# EXERCISE DETAILS:
Reproduce verbatim all of the data given below, but do not carry over the images.

# PROVIDED DATA:

----

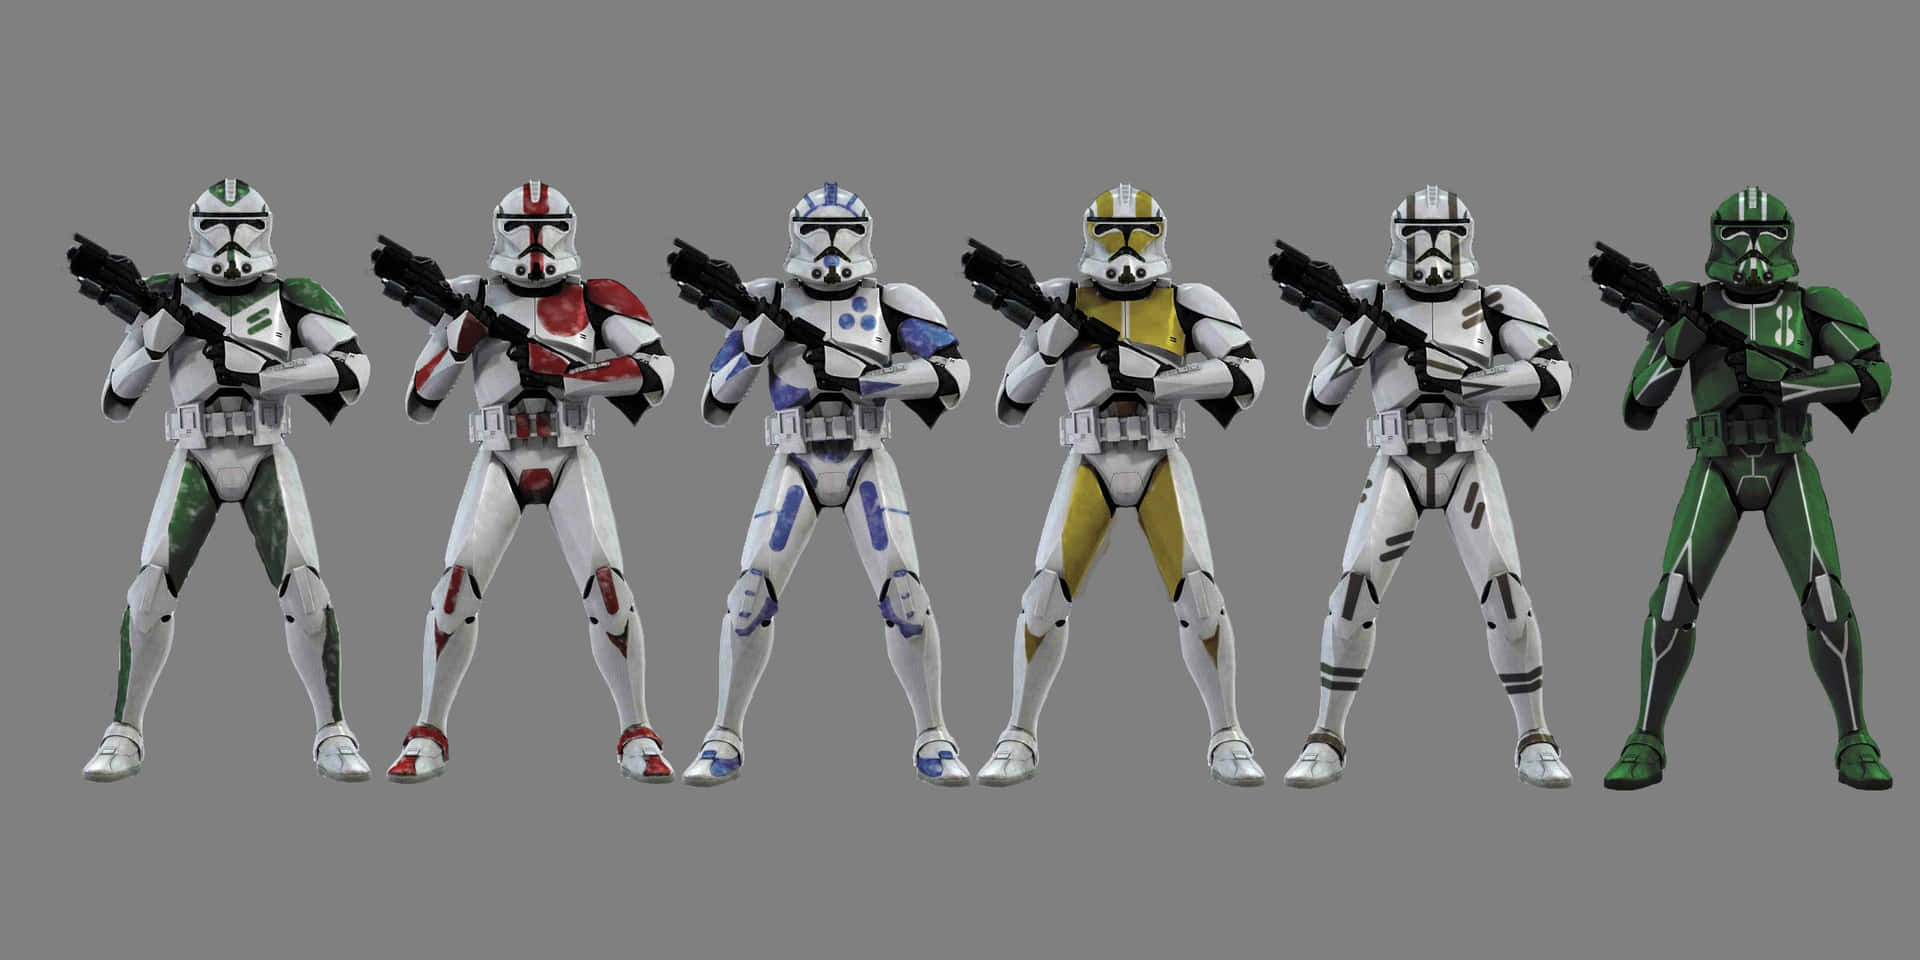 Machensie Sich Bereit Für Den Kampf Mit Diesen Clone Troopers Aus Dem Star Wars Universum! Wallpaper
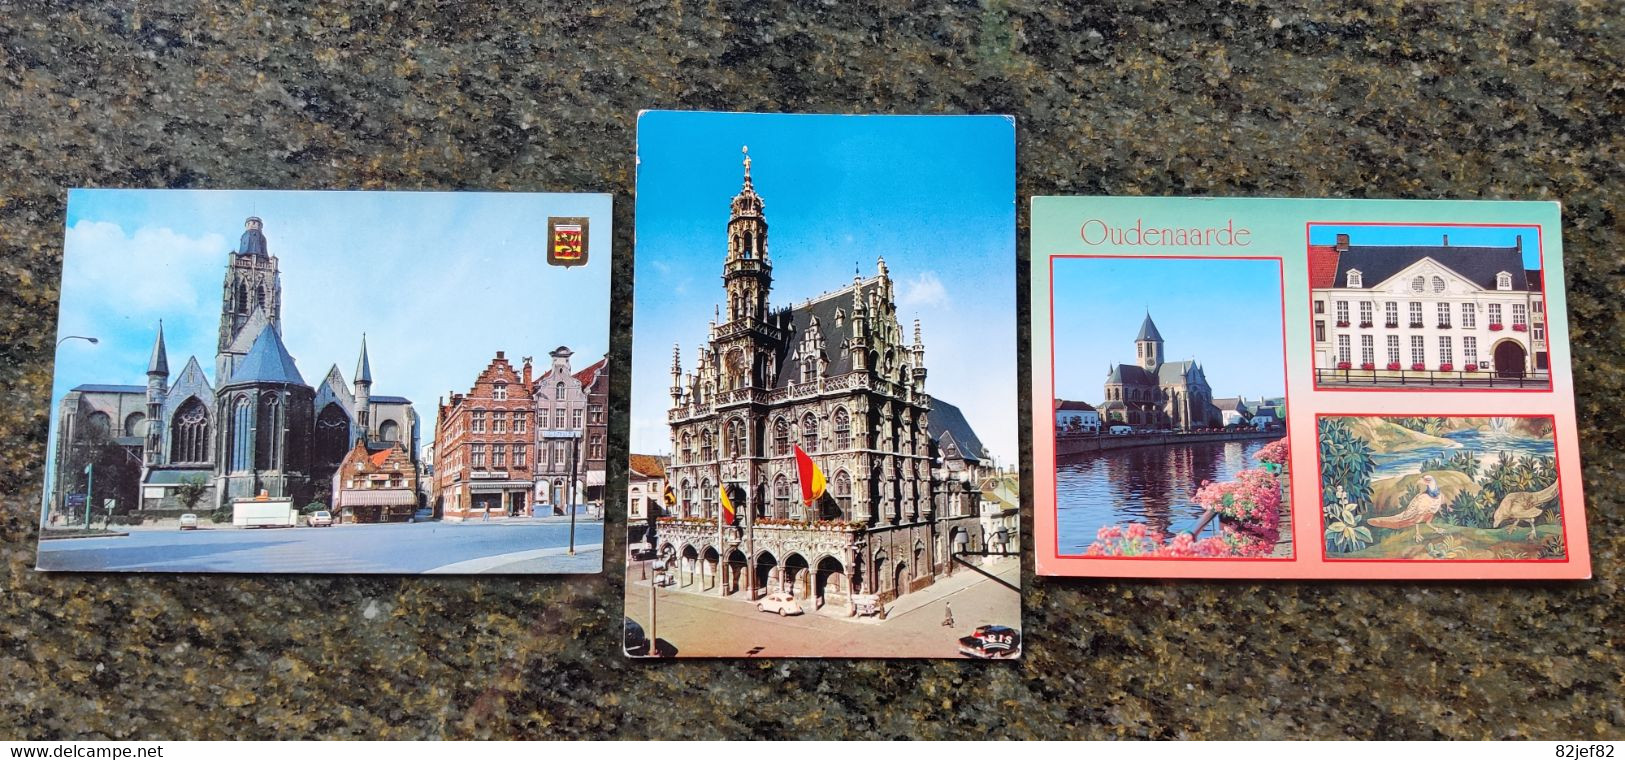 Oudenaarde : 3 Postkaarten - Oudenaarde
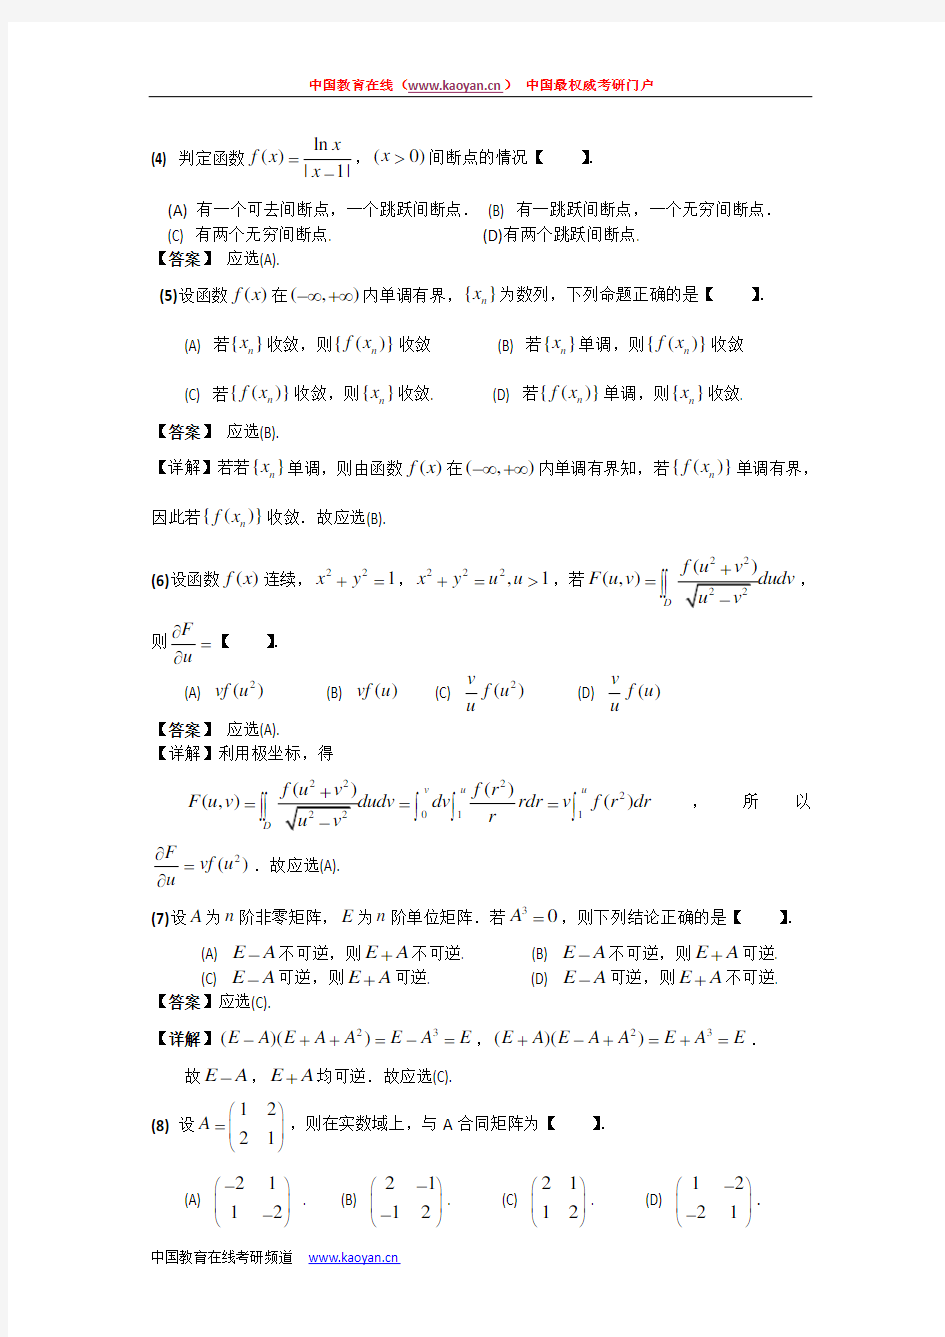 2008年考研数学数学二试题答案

----

# ANSWER TO THIS TASK:
 Machensie Sich Bereit Für Den Kampf Mit Diesen Clone Troopers Aus Dem Star Wars Universum! Wallpaper
 Oudenaarde : 3 Postkaarten - Oudenaarde
 2008年考研数学数学二试题答案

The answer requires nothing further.